The Newest Face of Addiction

Updated: Jan 1

A 71 year old walks into a doctor’s office. She’s well spoken, intelligent, nicely dressed. She is middle to middle upper class. She discusses her many medical ailments: Shoulder pain from a rotator cuff surgery, back pain from a slipped disk, migraines, and severe knee pain, which she uses a cane for. 

She is new to the area and looking for a primary care physician. Right now, though, she needs a new prescription for her oxycodone, which her previous physician had her on. In her chart it is noted the specifics from before. 

So a basic physical is done, multiple prescriptions written, and she goes to the pharmacy to refill them. 

At home, she falls asleep at the dining room table. Sometimes her family can’t understand what she is saying because her words get jumbled. She forgets things, trips, and can’t remember how she fell. 

She has a drawer filled with various medications, both current and ones that are no longer prescribed.  Many state that they are to be taken as needed. She will take a few more than the dose when she feels particularly sore. When she is anxious or depressed or frustrated, she will take some to just get out of the world for a bit, to just sleep. 

And yes, she mixes them up, but the doctors seem to be okay with it since they gave her all of them.  Even when she is in the hospital because of a fall or other scare, she asks for and demands more medicine. 

Mostly the doctors give in. She looks fine, and sometimes they just give her what she wants. Medication piles up, and up, and up.

She is the newest face of opioid addiction. She is your neighbor, your aunt, the woman who leads the bible study at church. She is your mom, your grandmother, your sister. 

When people argue that these addicts shouldn’t be given narcone over and over, when someone calls in to a radio show and states that they should just be left and let nature take its course, for them to be responsible for their actions, they are not thinking of their 82 year old father. How can a strong, respectable, intelligent person be addicted? Not their neighbor. 

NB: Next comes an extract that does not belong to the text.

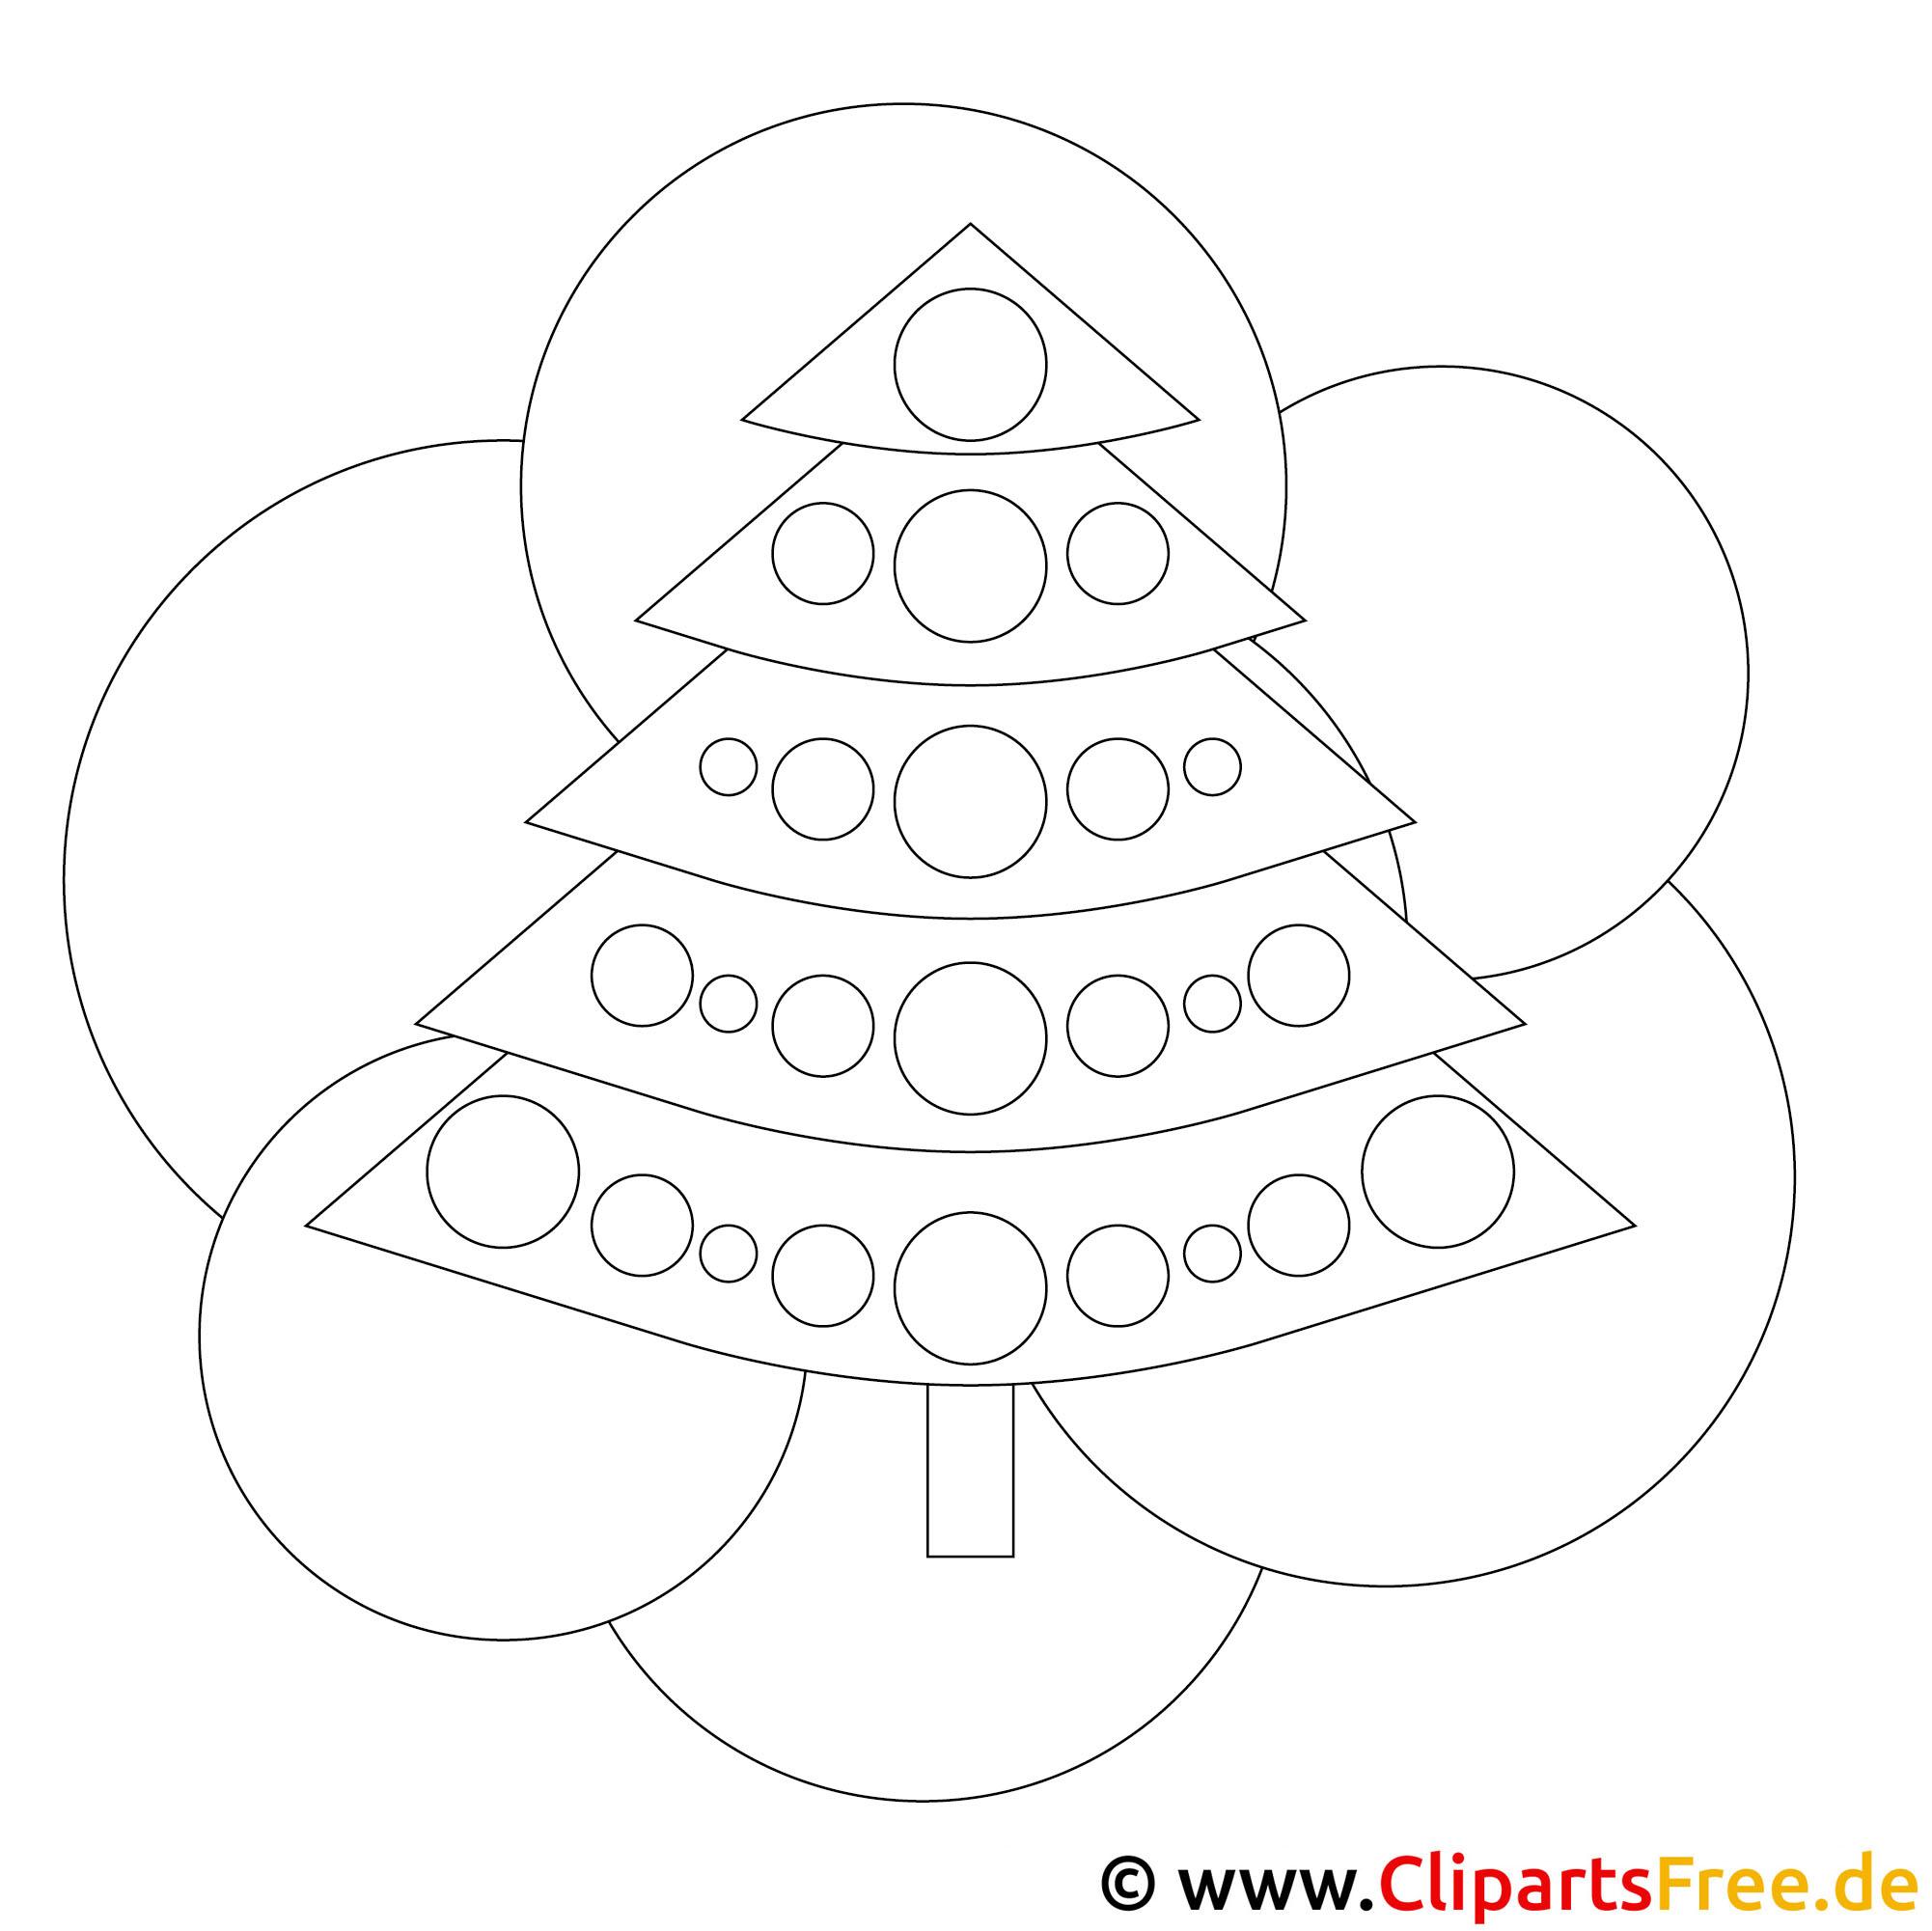 kostenloses ausmalbild zu weihnachten tannenbaum. Black Bedroom Furniture Sets. Home Design Ideas

There are many conditions that elicit sympathy. If you are paralyzed, no one will say you should just be left to figure out things on your own. Cancer? Of course it should be treated. What about lung cancer that is caused by years and years of smoking, or a failing liver of someone who is an alcoholic? 

It’s easy to think that opioid addiction is limited to a certain population, or that it would never happen to you. That’s the problem with addiction though. It sneaks up on you when you least expect it. If a doctor prescribes it, it must be okay, we think. When your best friend takes a shot of whisky with her Xanax, it’s fine. I mean, she’s old enough to do what she wants, right? 

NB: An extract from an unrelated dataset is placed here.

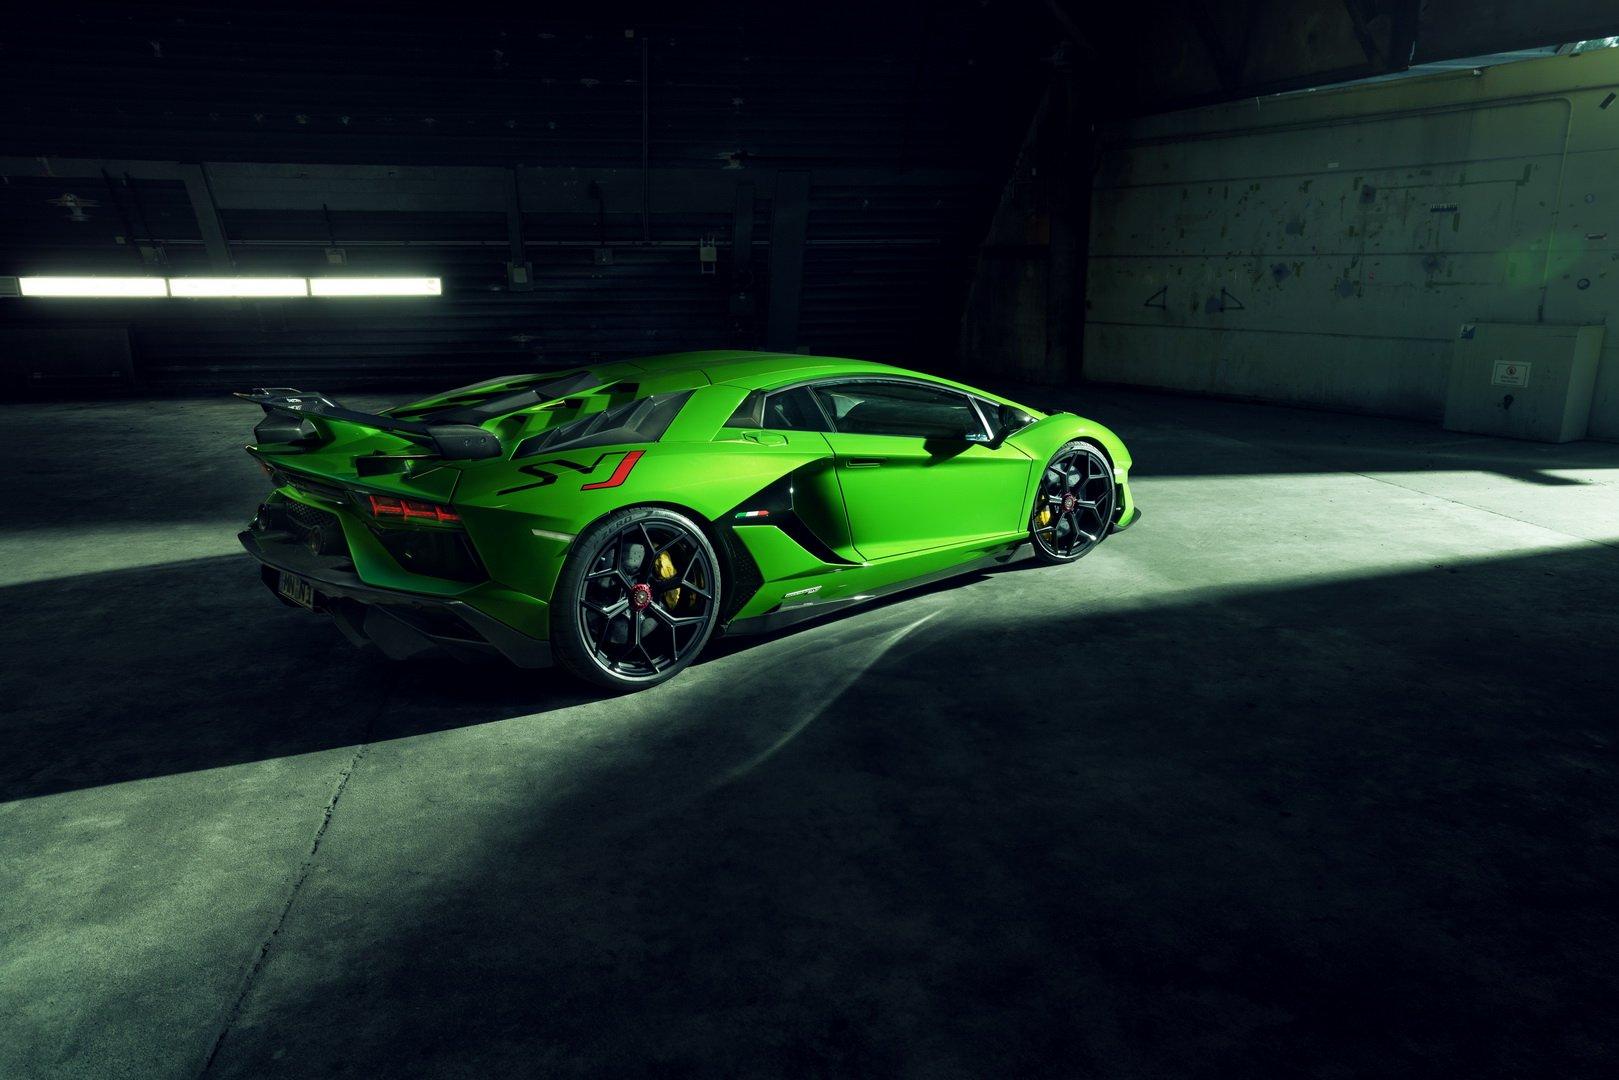 Lamborghini-Aventador-SVJ-by-Novitec-2

Opioid addiction doesn’t discriminate. Doctors may miss the signs of it. Family members could just accept this because they’ve tried to help but he is resistant. He’s stubborn, so really, what’s the point? 

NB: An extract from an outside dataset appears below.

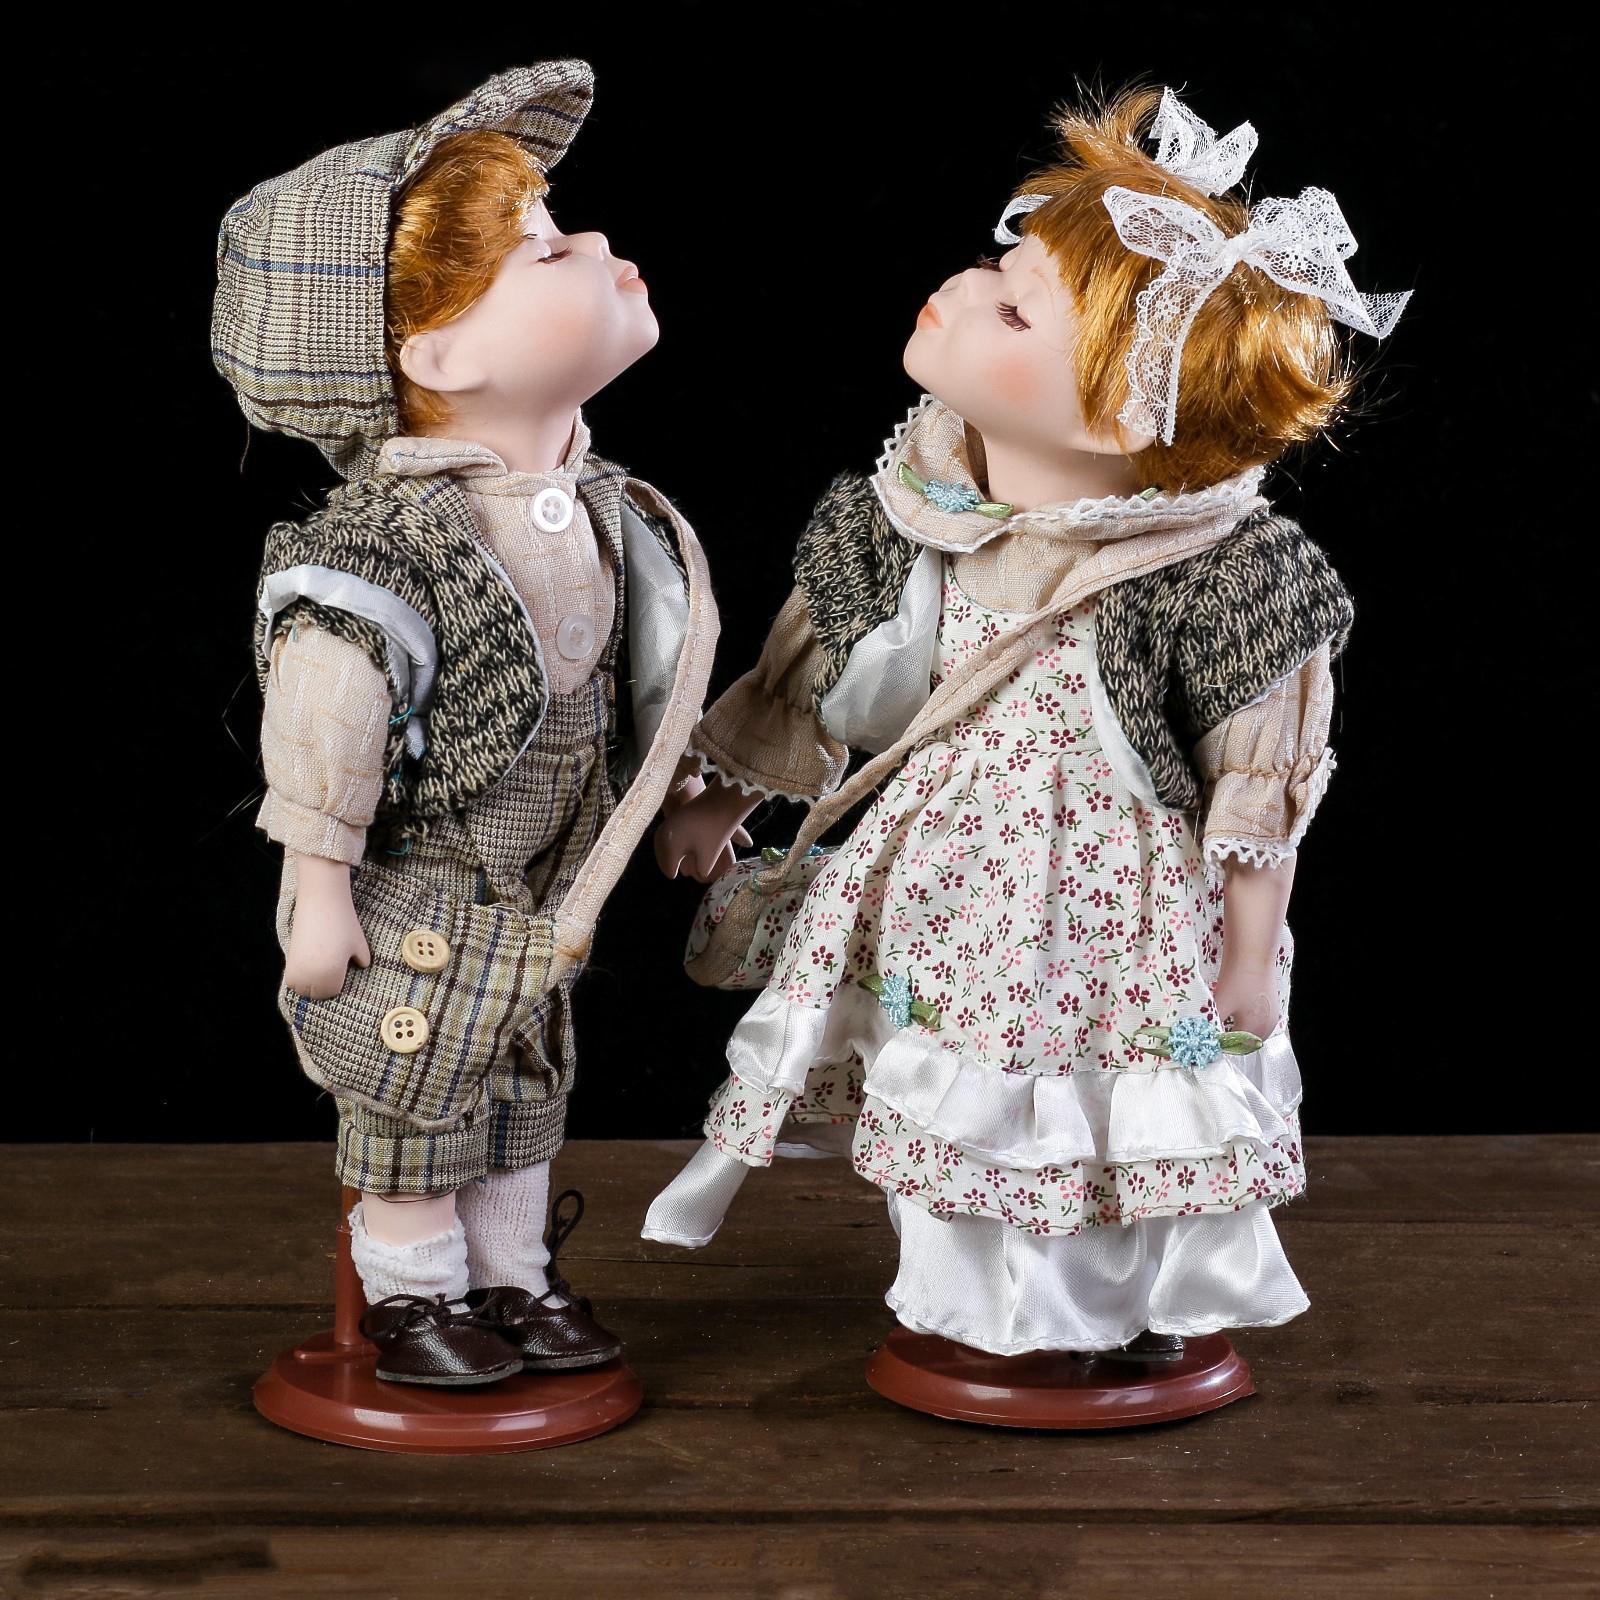 куклы поцелуйчики фото друзья

All lives matter, and all lives deserve to be saved when there is a treatment available. Even it you might think they did it to themselves. Even if you assume that they are asking for it. 

Don’t think that because someone is of a particular social group, race, socioeconomic state, religion, or age opioid addiction cannot happen to someone you love, or even to you. 

And you don’t know who will be in that church who is overdosing and needs a treatment to save their life. Don’t think because it’s an elementary school in a good part of town that Narcan is not needed.